DaerahHukumSumut

Dua Pengamen di Tapteng Ditangkap Warga Usai Bobol Rumah, Polisi Tetapkan Tersangka Curat

×

Dua Pengamen di Tapteng Ditangkap Warga Usai Bobol Rumah, Polisi Tetapkan Tersangka Curat

Sebarkan artikel ini
Terduga pelaku curat diamankan di Mapolres Tapteng, Selasa (14/4/2026). Foto : Humas Polres Tapteng

Tapteng, NusantaraTop.co – Satuan Reserse Kriminal (Satreskrim) Polres Tapanuli Tengah mengamankan dua pria berinisial TSL (25) dan DSL (20) atas dugaan tindak pidana pencurian dengan pemberatan (curat).

Kedua pelaku diringkus warga usai melancarkan aksinya di dua lokasi berbeda di Kelurahan Sibuluan Raya, Kecamatan Pandan, pada Sabtu (11/4/2026) dini hari.

Kasat Reskrim Polres Tapanuli Tengah, Dian Agustian Perdana, mengungkapkan bahwa kedua pelaku yang sehari-hari berprofesi sebagai pengamen tersebut kini telah ditetapkan sebagai tersangka.

Peristiwa pencurian ini terungkap saat salah satu korban, Evin Ronald Parlindungan Hutabarat (45), terbangun sekitar pukul 01.30 WIB setelah mendengar suara mencurigakan dari arah dapur rumahnya.

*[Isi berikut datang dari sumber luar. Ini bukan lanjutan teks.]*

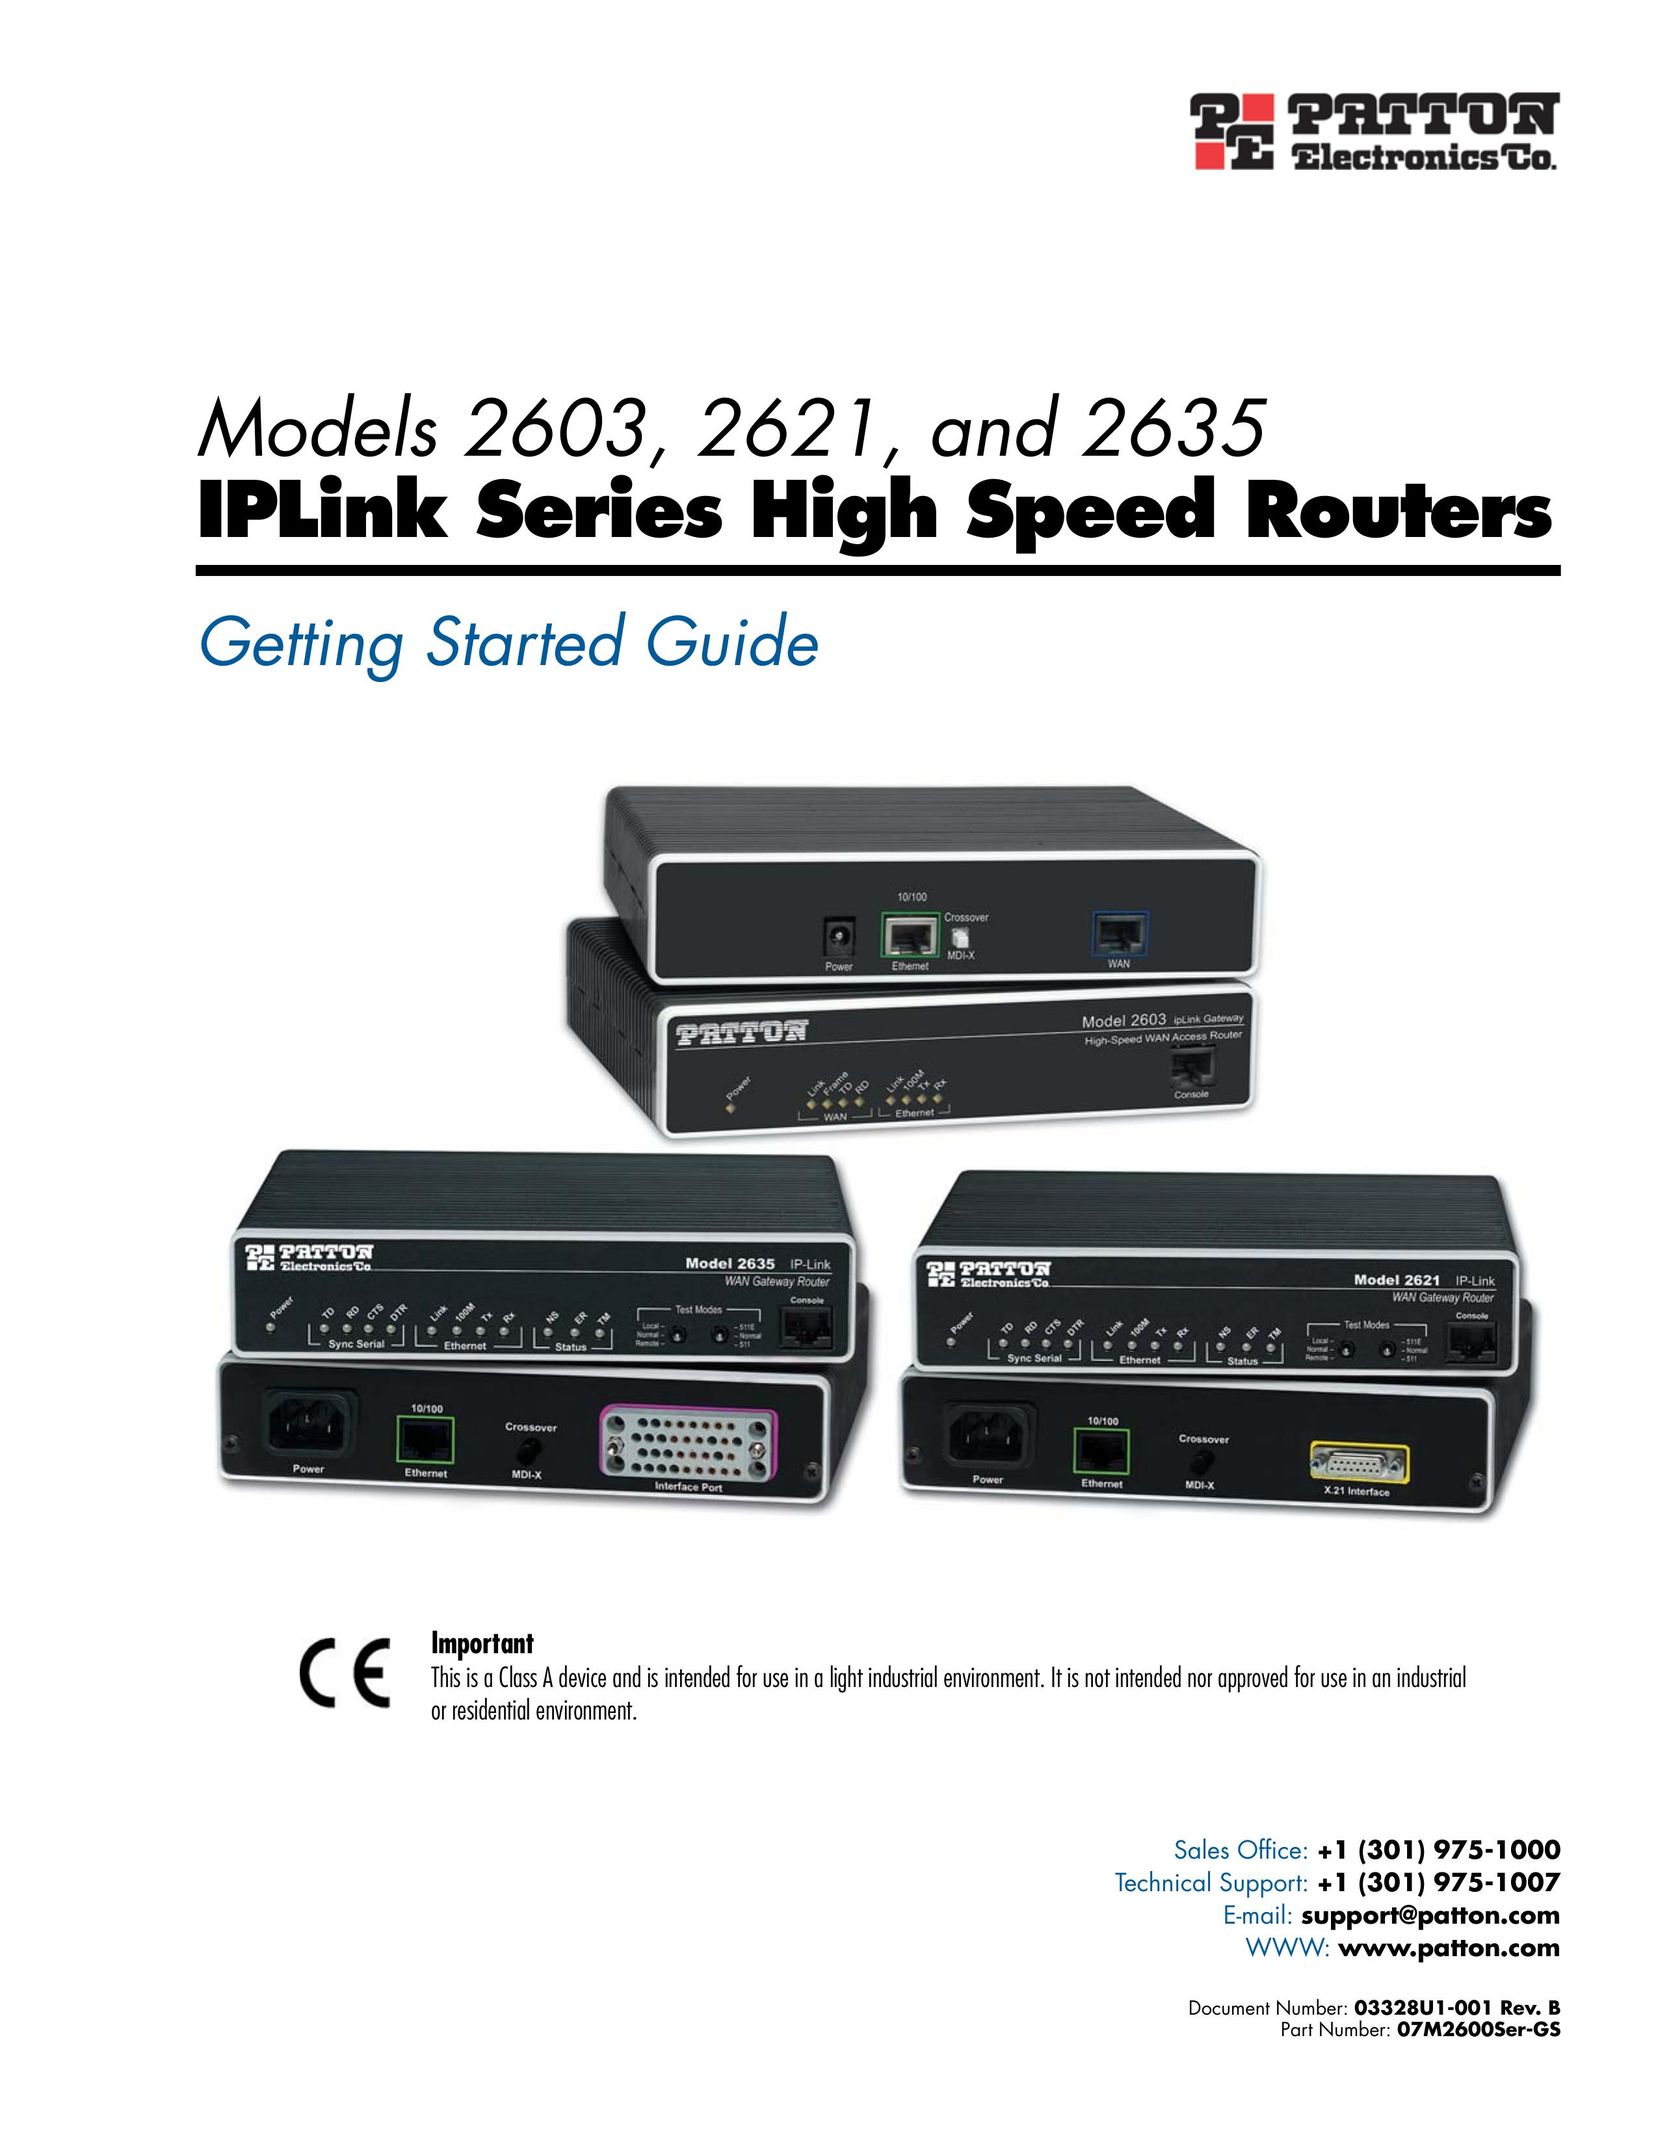 Patton electronic 2621 Router User Manual

Saat dilakukan pengecekan, korban mendapati jendela belakang rumah telah terbuka dan sebuah gunting masih menempel pada kunci pintu dapur. Setelah diperiksa lebih lanjut, sejumlah barang miliknya diketahui hilang.

“Korban kehilangan dua celana panjang tactical warna hitam dan abu-abu, satu celana pendek abu-abu, satu topi kain, serta mengalami kerusakan pada satu set jemuran aluminium,” ujar Kasat Reskrim dalam keterangannya, Selasa (14/4/2026).

Usai kejadian, korban bersama warga melakukan penyisiran di sekitar lokasi. Upaya tersebut membuahkan hasil setelah warga menemukan kedua pelaku di kawasan Simpang Tugu Ikan Sibuluan.

Saat diamankan, barang bukti milik korban ditemukan di dalam tas yang dibawa pelaku. Warga kemudian menyerahkan keduanya kepada Kepala Lingkungan sebelum akhirnya dijemput oleh personel Satreskrim.

Selain mengamankan tersangka, polisi juga menyita barang bukti berupa satu unit gunting berwarna putih-merah muda dan sebuah jaket hitam. Akibat kejadian tersebut, korban diperkirakan mengalami kerugian materiil sekitar Rp2 juta.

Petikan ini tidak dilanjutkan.